Karl-Heinz Banse ist Präsident des Deutschen Feuerwehrverbandes.  Foto: Dpa

Herr Banse, für die Feuerwehren in der Ukraine ist der Krieg eine gefährliche Extrembelastung. Wie helfen deutsche Feuerwehren?

Karl-Heinz Banse: Wir unterstützen die Kollegen mit Material. Die Hilfsbereitschaft der Feuerwehrangehörigen auch in den Landesverbänden ist überwältigend. Viele Feuerwehren organisieren Transporte in Richtung Ukraine. Einige Freiwillige Feuerwehren haben ganze Lkw-Kolonnen auf den Weg gebracht. Wir als Bundesverband vermitteln Hilfsangebote und haben ein Spendenkonto eingerichtet.

 

Was wird denn in die Ukraine geliefert?

Banse: Unsere Feuerwehren geben, soweit sie es erübrigen können, Ausrüstung ab, wie Stiefel, Hosen, Schläuche, Helme. Manches Material wird auch mit Flugzeugen transportiert. Ein Beispiel: Die Feuerwehr Fellbach hatte Ausrüstung aus verschiedenen Feuerwehren gesammelt. Auch hatten sich Einheiten aus verschiedenen Bundesländern mit Spenden beteiligt. Rund 400 Paletten kamen zusammen, etwa 40 davon wurden auf dem Stuttgarter Flughafen in drei Flugzeuge des ukrainischen Zivilschutzes verladen. Wir können uns die Lage der ukrainischen Feuerwehr vorstellen, wenn sie selbst unter Beschuss steht. In großen Städten brennen Gebäude, Feuer müssen gelöscht, Menschen gerettet werden.

 

Bekommen die deutschen Freiwilligen Feuerwehren selbst Unterstützung?

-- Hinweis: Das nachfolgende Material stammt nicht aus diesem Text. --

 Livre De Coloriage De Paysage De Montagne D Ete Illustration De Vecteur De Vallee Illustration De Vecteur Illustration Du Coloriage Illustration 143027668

Banse: Die Solidarität mit den Feuerwehren ist groß. Wir erhalten Unterstützung aus der Zivilgesellschaft, von Unternehmen. Wir geben Material ab, ohne dass unsere eigene Einsatzbereitschaft darunter leidet. Die Feuerwehren sind in der Regel so ausgestattet, wie sie es auch benötigen in ihren Gebietskörperschaften. Es gibt Wehren, die beispielsweise nach Anschaffung eines Stromgeneratoren den alten nicht gleich entsorgen und ihn zur Seite gestellt haben. Solche funktionsfähigen Altgeräte können in der Ukraine nun einen sehr guten Dienst erfüllen.

 

Und wie werden die Gelder verwendet, die auf Ihrem eigens eingerichteten Spendenkonto zur Stärkung der ukrainischen Feuerwehren eingehen?

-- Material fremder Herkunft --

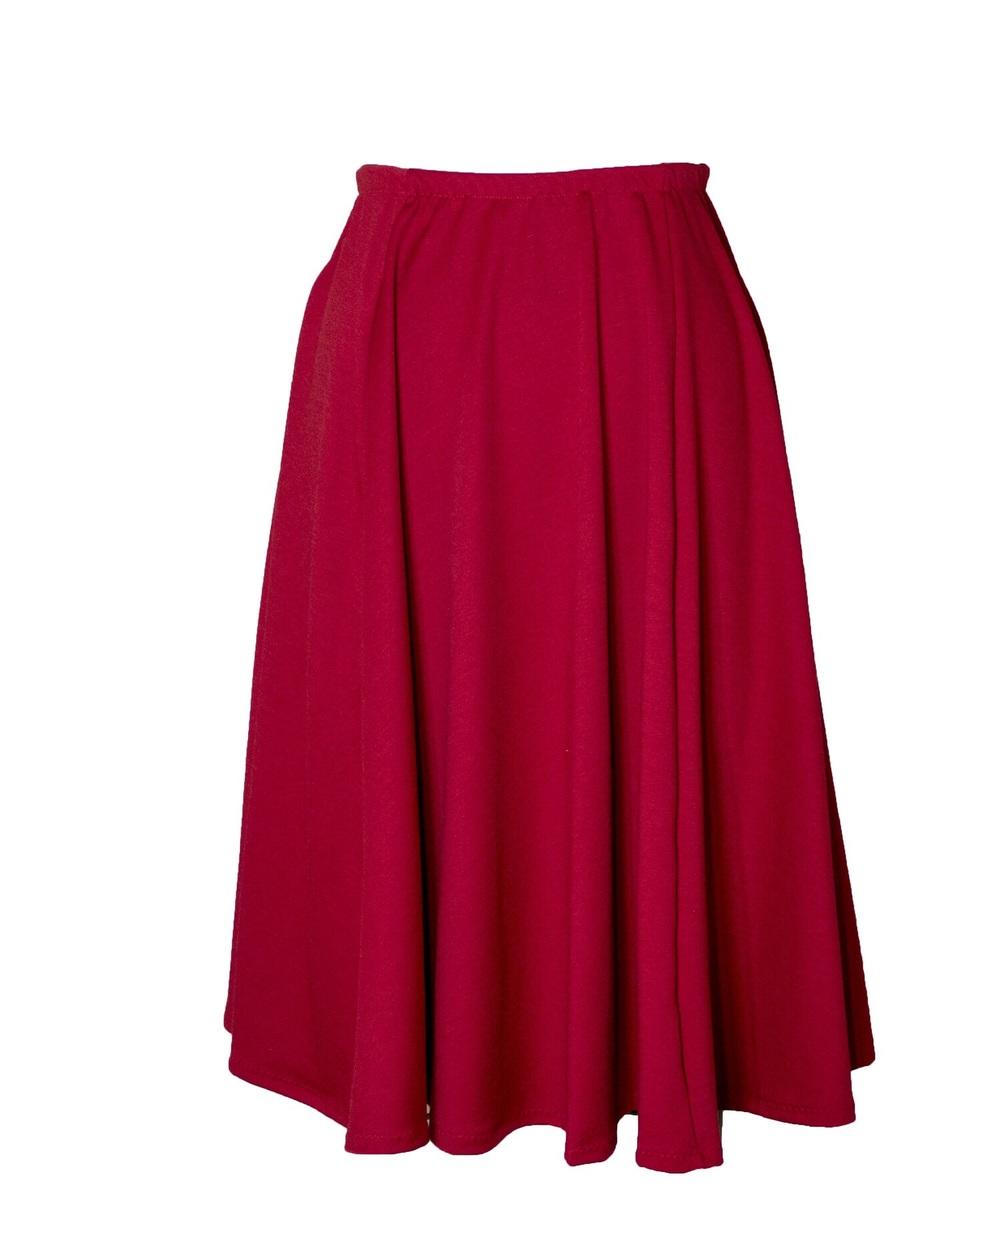 Scarlette midi skirt - $395

Banse: Wenn die Ukrainer uns sagen, dass sie Schere und Spreizer, Schutzbekleidung oder Atemgeräte benötigen, wissen wir, wo man solche Spezialwerkzeuge beschaffen kann. Wir helfen also auch hier mit unserer Expertise. Es wird nachgefragtes Material gekauft, es wird kein Geld übergeben. Die Feuerwehren sind in der Ukraine anders organisiert als in Deutschland, sie unterstehen dort dem Innenministerium. Und wir möchten schon die Garantie haben, dass die Ausrüstung der Feuerwehr zugute kommt.

 

Wie erleben Ihre Kameradinnen und Kameraden diese neuerliche Herausforderung?

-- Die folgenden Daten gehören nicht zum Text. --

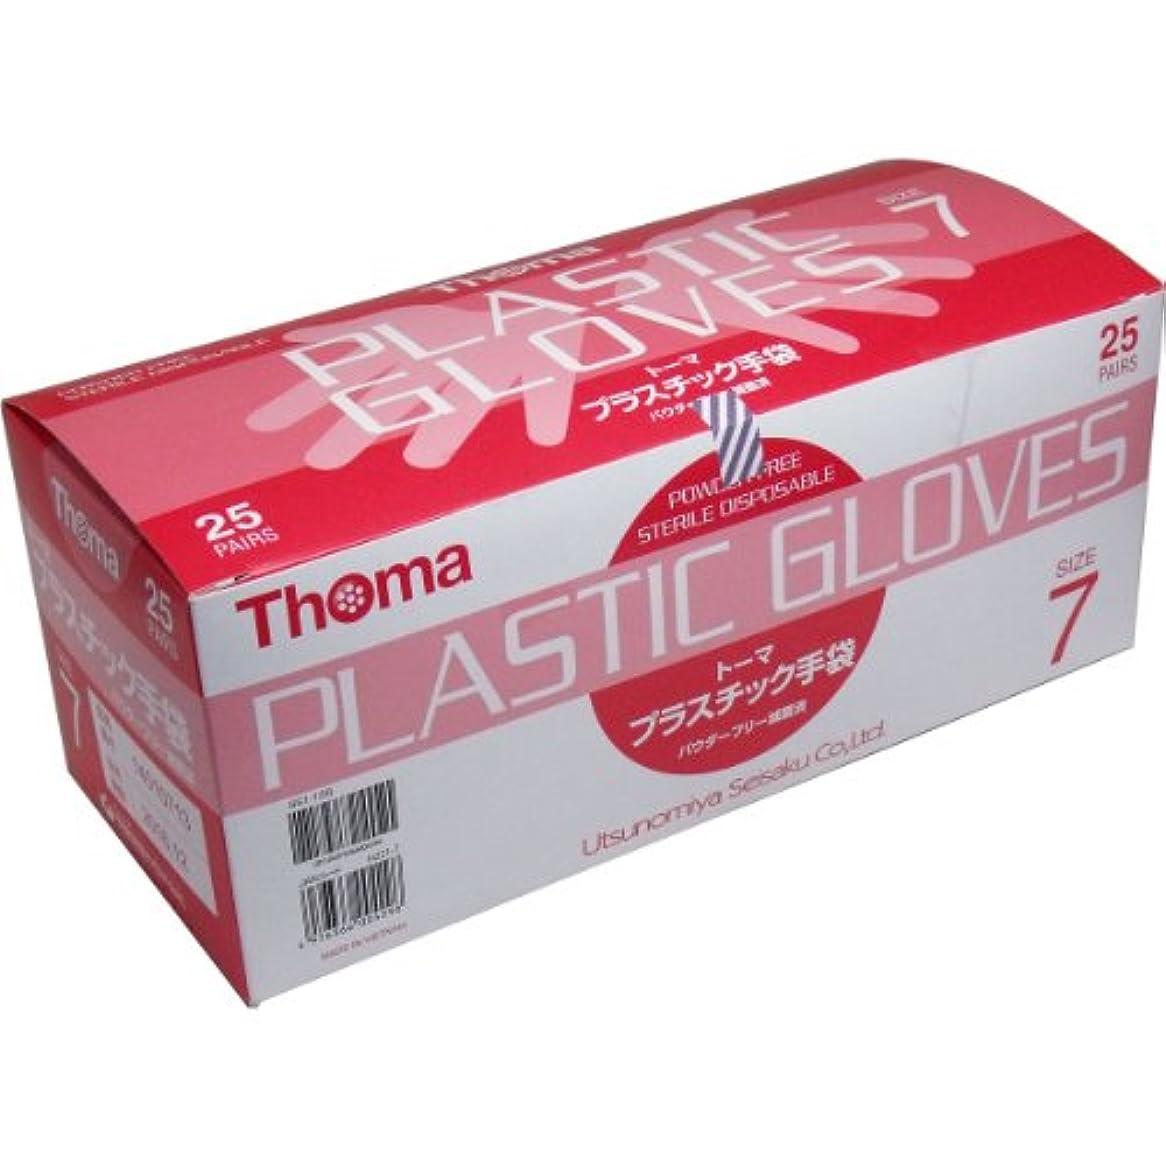 トーマ プラスチック手袋 パウダーフリー 滅菌済 サイズ7 25双入

Banse: Für unsere Feuerwehren ist dies die dritte große Krise innerhalb von zwei Jahren. Die Pandemie ist noch nicht beendet, im Ahrtal und in NRW helfen wir weiterhin beim Aufbau nach der Flutkatastrophe – die Feuerwehren sind hier lokal verbunden und eben immer da. Eine größere Anhäufung von Herausforderungen für die Feuerwehren gab es über Jahrzehnte hinweg nicht. Aber die Bereitschaft zu helfen ist groß, die Motivation ist hoch.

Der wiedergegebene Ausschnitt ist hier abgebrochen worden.